By JAY REEVES
BIRMINGHAM, Ala. (AP) — The man who killed two former co-workers and then himself at a UPS shipping center Tuesday had told some people that he was having problems at work but never suggested the situation might turn violent, his pastor said.
Birmingham police late Tuesday identified the shooter as 45-year-old Joe Tesney of suburban Trussville.
Tesney and his wife have two children, and they’ve been members at NorthPark Baptist Church since 2003, said the church’s pastor, Bill Wilks.
Wilks described Tesney as being “troubled” over his work and financial situation.
“I think it’s been an ongoing situation,” Wilks said. “In his own spirit he’s been troubled, and he’s asked for prayer about that.”

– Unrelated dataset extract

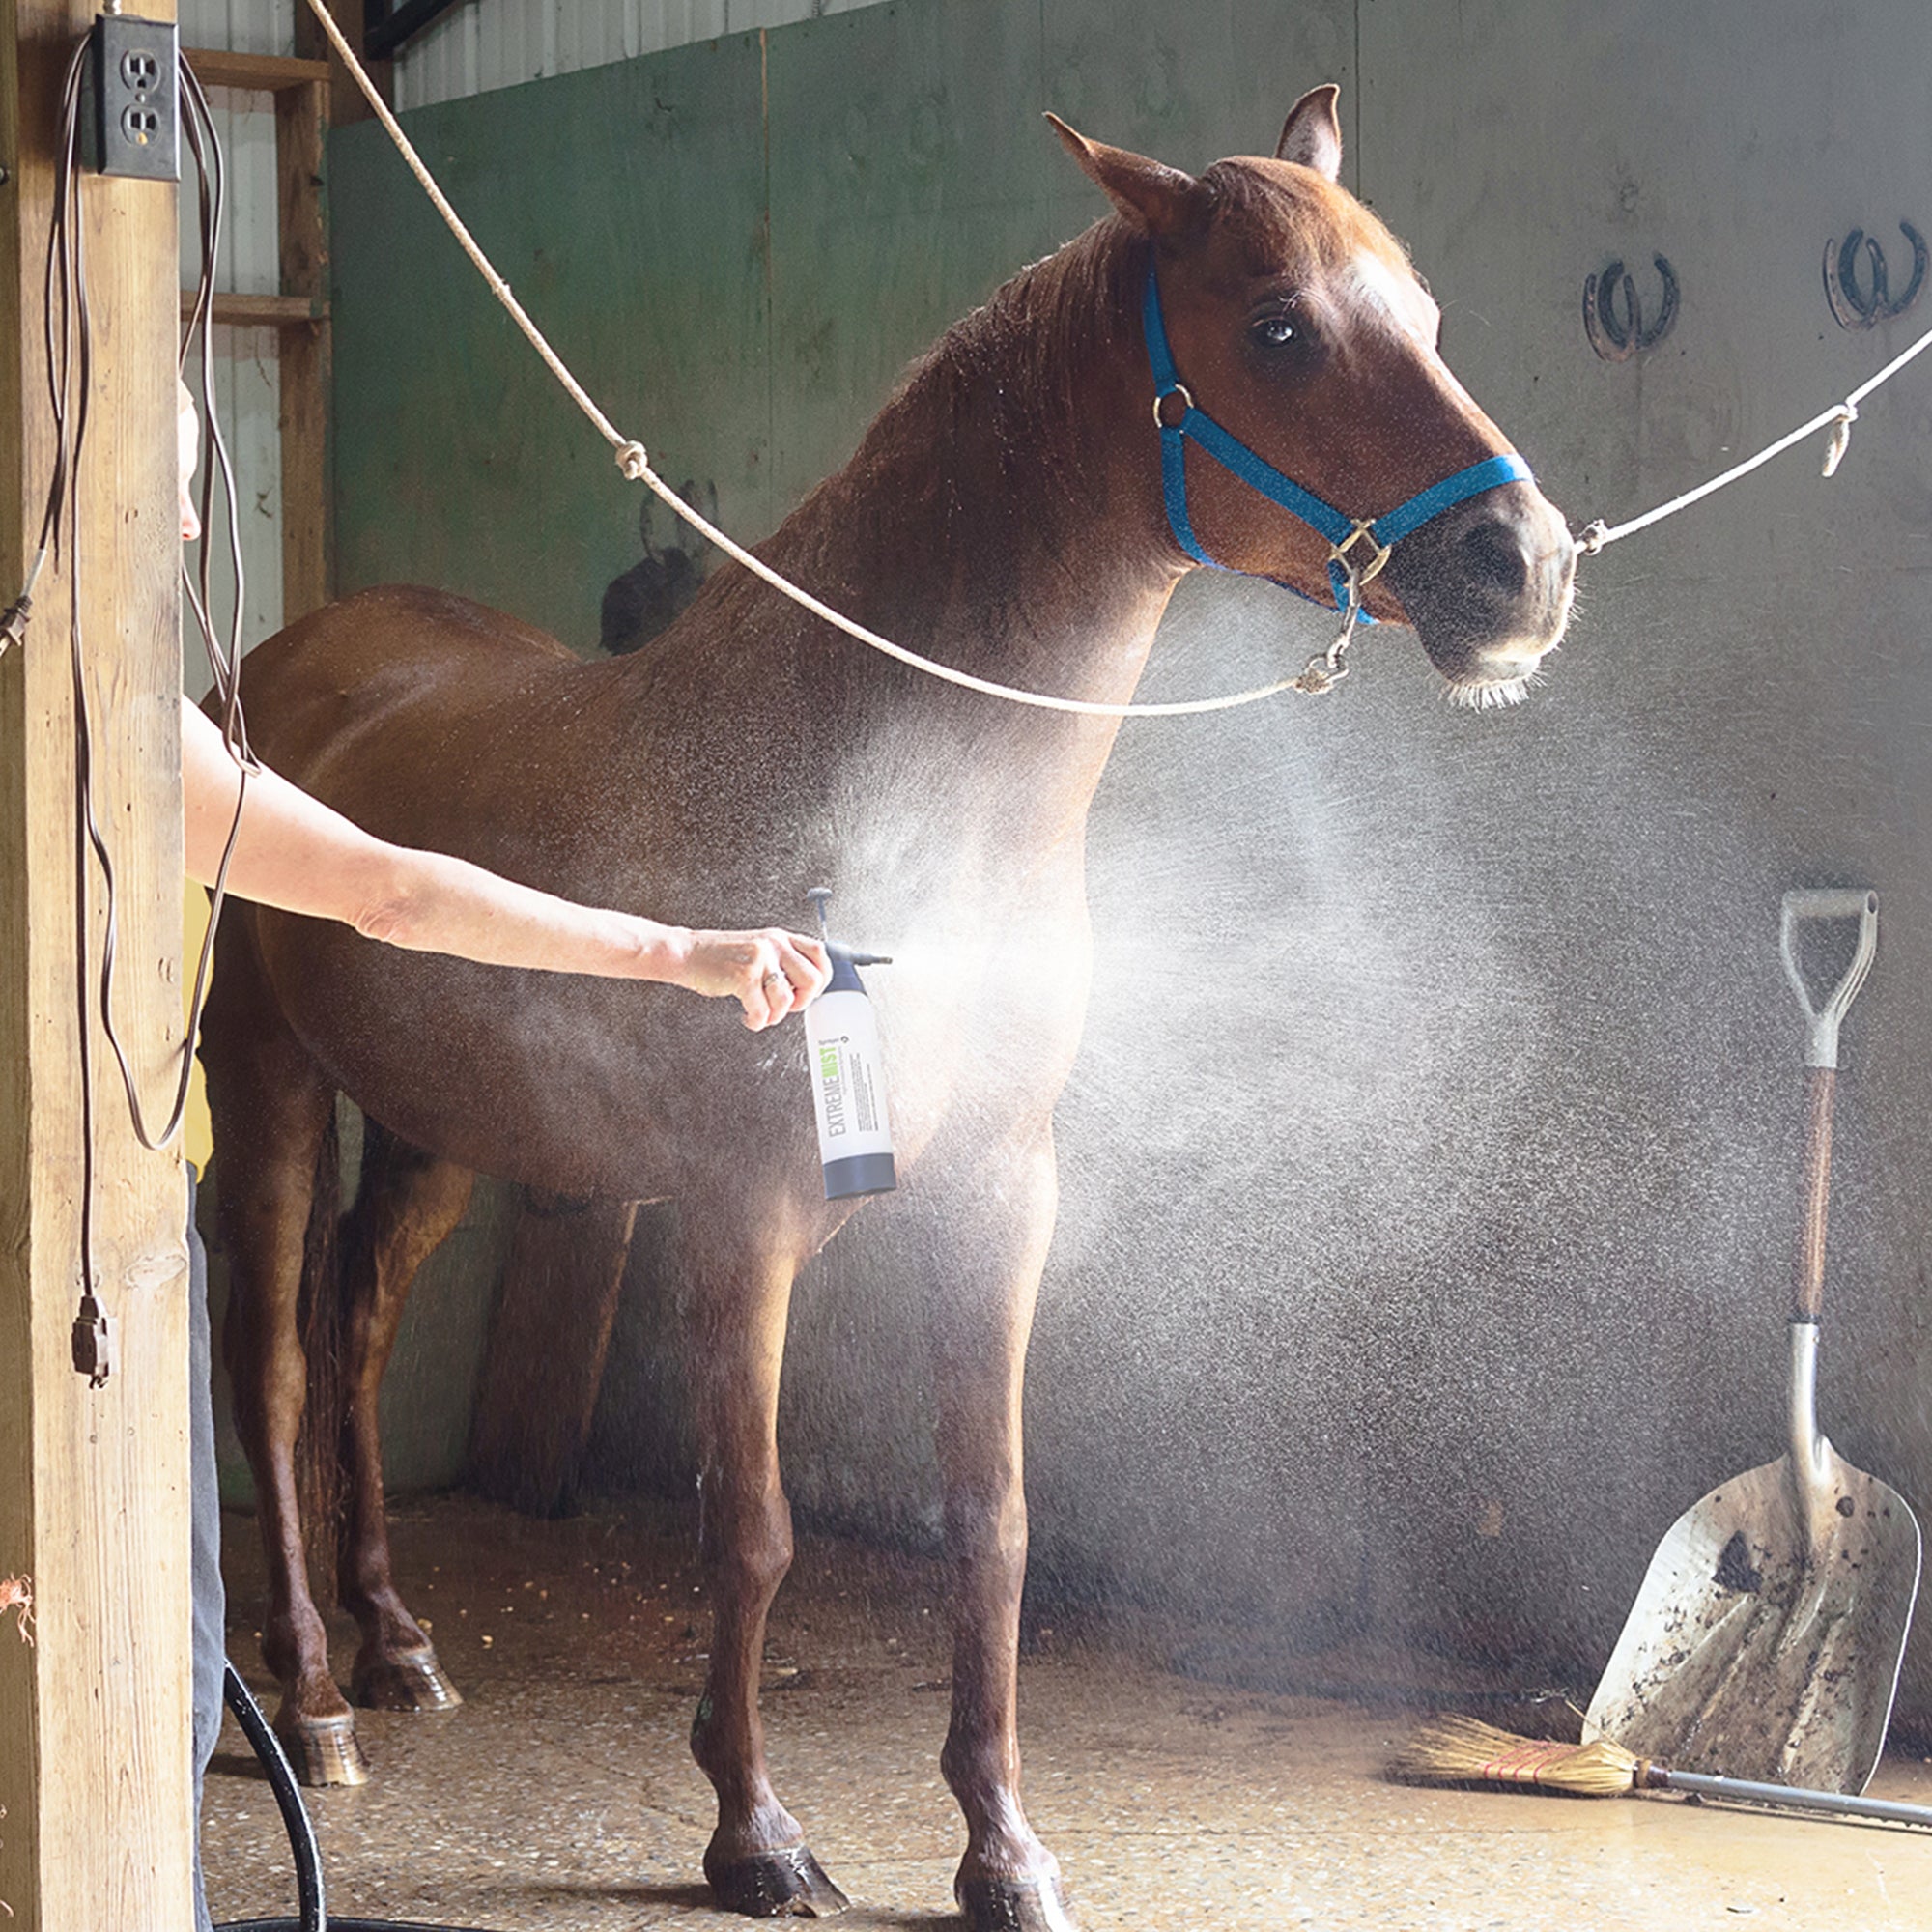 horse mister pump-up sprayer mist cooling horse

Tesney and his wife, Melissa, are listed as distributors for Advocare, a multi-level marketing company that sells health and fitness products. They have a website advertising the business that says: “Just tell us your needs, your dreams your desires … and we’ll make it happen!”

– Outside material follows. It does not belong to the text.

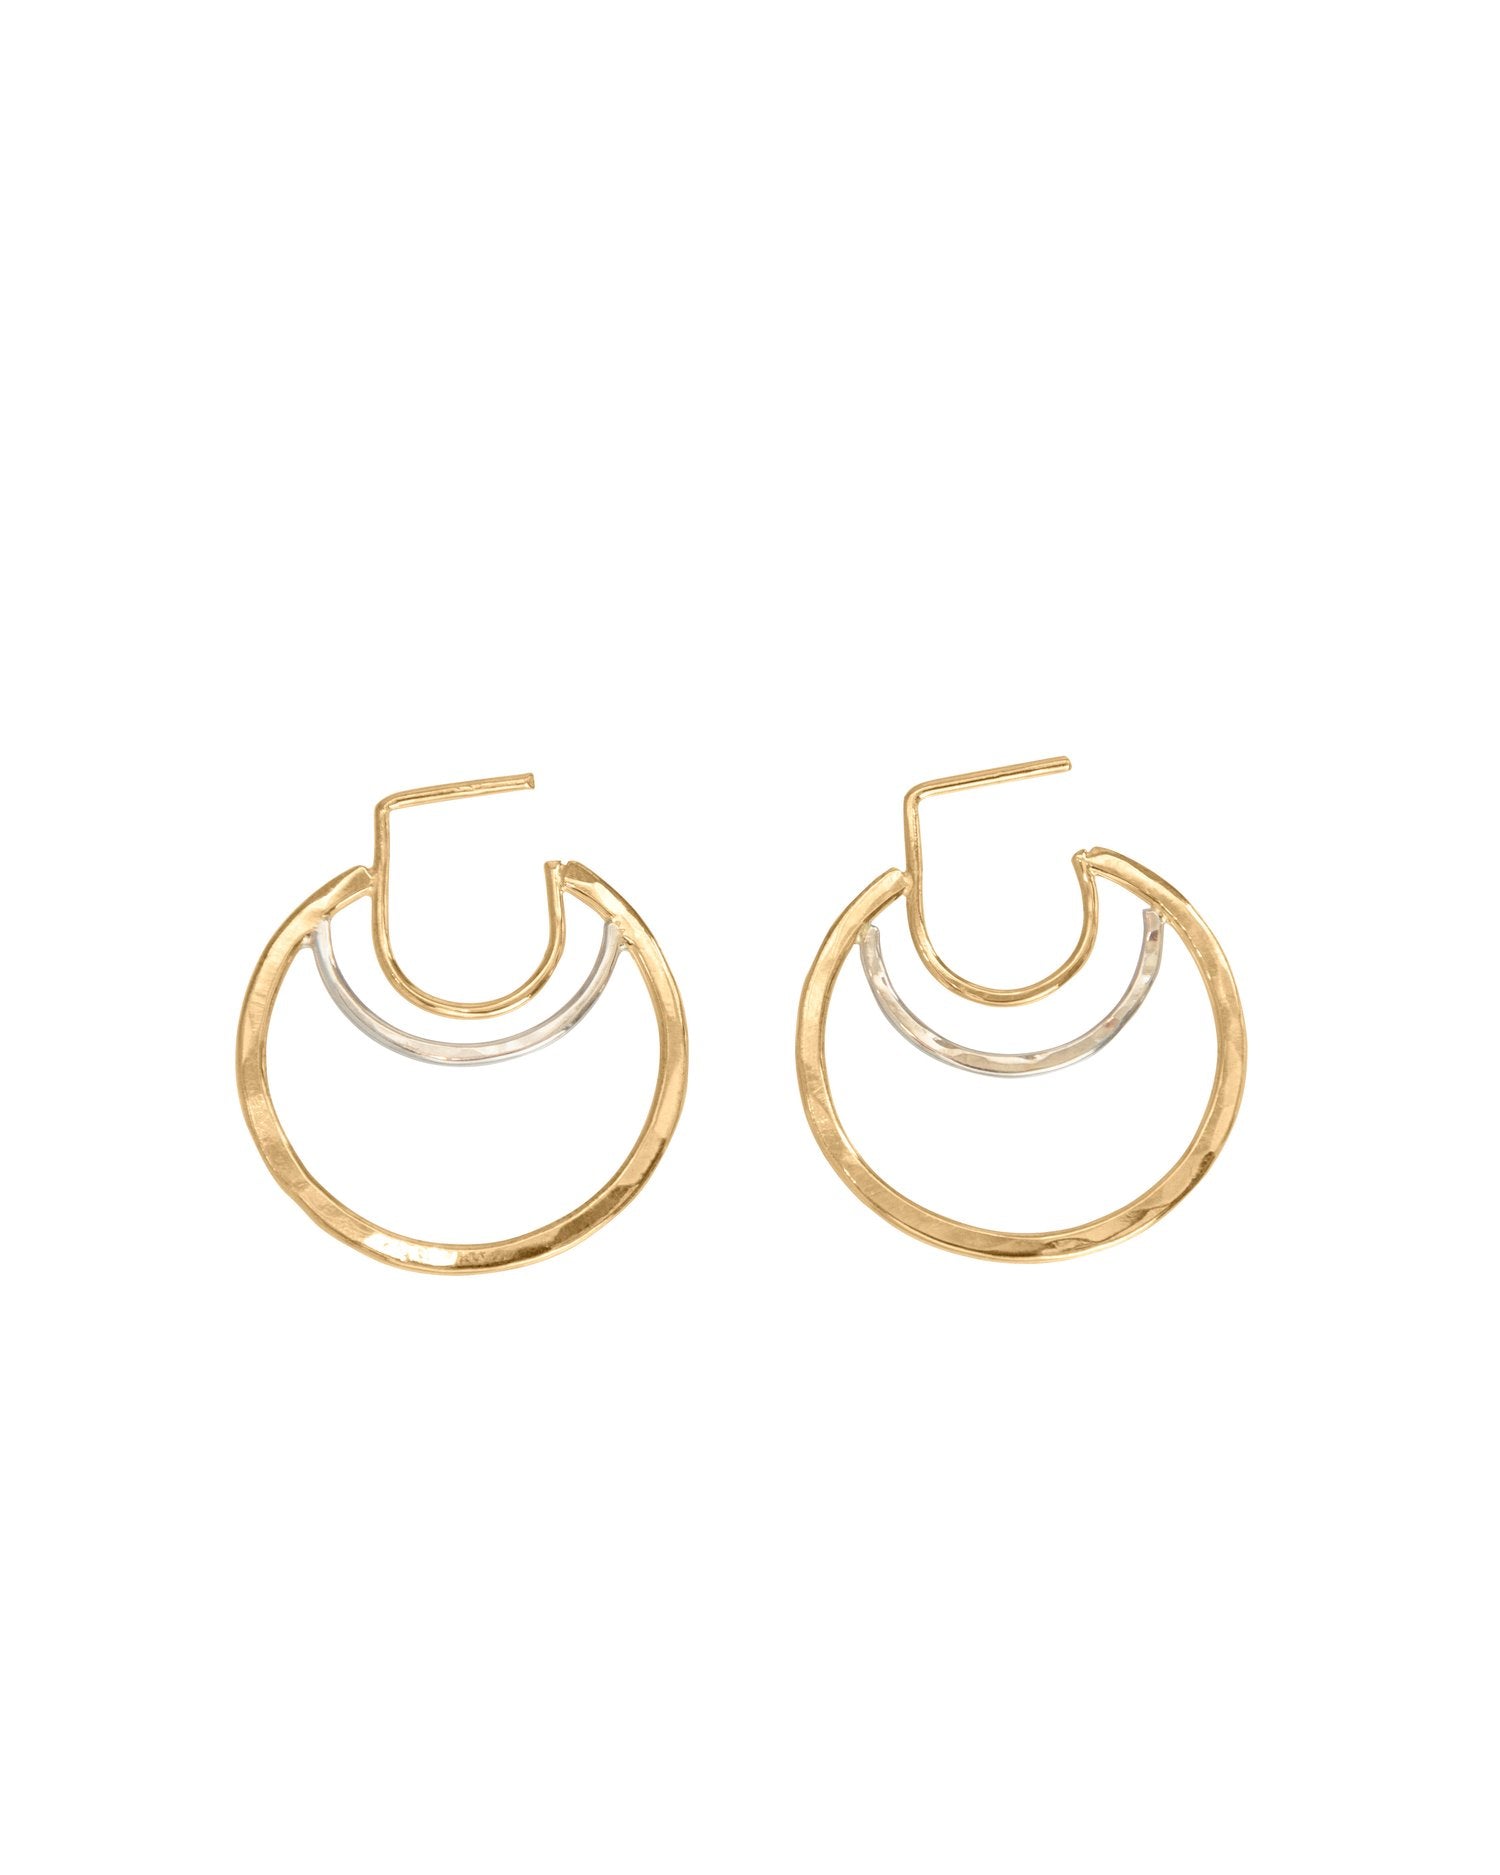 AELLA // greek amazon warrior gold fill exterior hoop earrings

UPS spokesman Steve Gaut would not say what Tesney’s job duties had been before his firing was finalized Monday.
Court records showed a Birmingham business sued Tesney and UPS in 2010 claiming he had wrongly picked up a $4,000 radiator for shipment either intentionally or by mistake. The lawsuit went on for years before a judge ruled in favor of Tesney and the shipping company exactly one year ago — Sept. 23, 2013.
However, it was not immediately clear why Tesney had been fired or whether that lawsuit may have played a role.
The UPS warehouse, a light brown building sitting on a hill with company logos on the front and side, is used to sort packages and send them out on trucks. About 80 drivers had already left on their routes, and a small number remained when the shooter drove up in a private vehicle Tuesday morning and walked inside through a truck dock door in the back of the building, Gaut said.
The building has a parking lot surrounded by barbed wire.
The man was wearing a UPS uniform and opened fire either in or near some offices inside the warehouse in an industrial area just north of the Birmingham airport, Birmingham Police Chief A.C. Roper told reporters.
The gunman had apparently shot himself by the time officers got inside the warehouse, Roper said. No one else was hurt.
Employees who were at the warehouse when the shooting happened were being taken to another location so that they could be interviewed by investigators and provided with counseling, Roper said.
Late Tuesday morning, a long line of police cars with their lights flashing left the area as part of a motorcade with a white school bus. Also, a wrecker with a police escort left the scene towing a dark red Honda SUV.
Vonderrick Rogers lives on the same street as the UPS facility and said he drove past the building shortly after it happened. There were already 10 to 15 police officers on the scene with more arriving, he said.
“Cops were jittering and running around like they were ready to go grab somebody,” he said.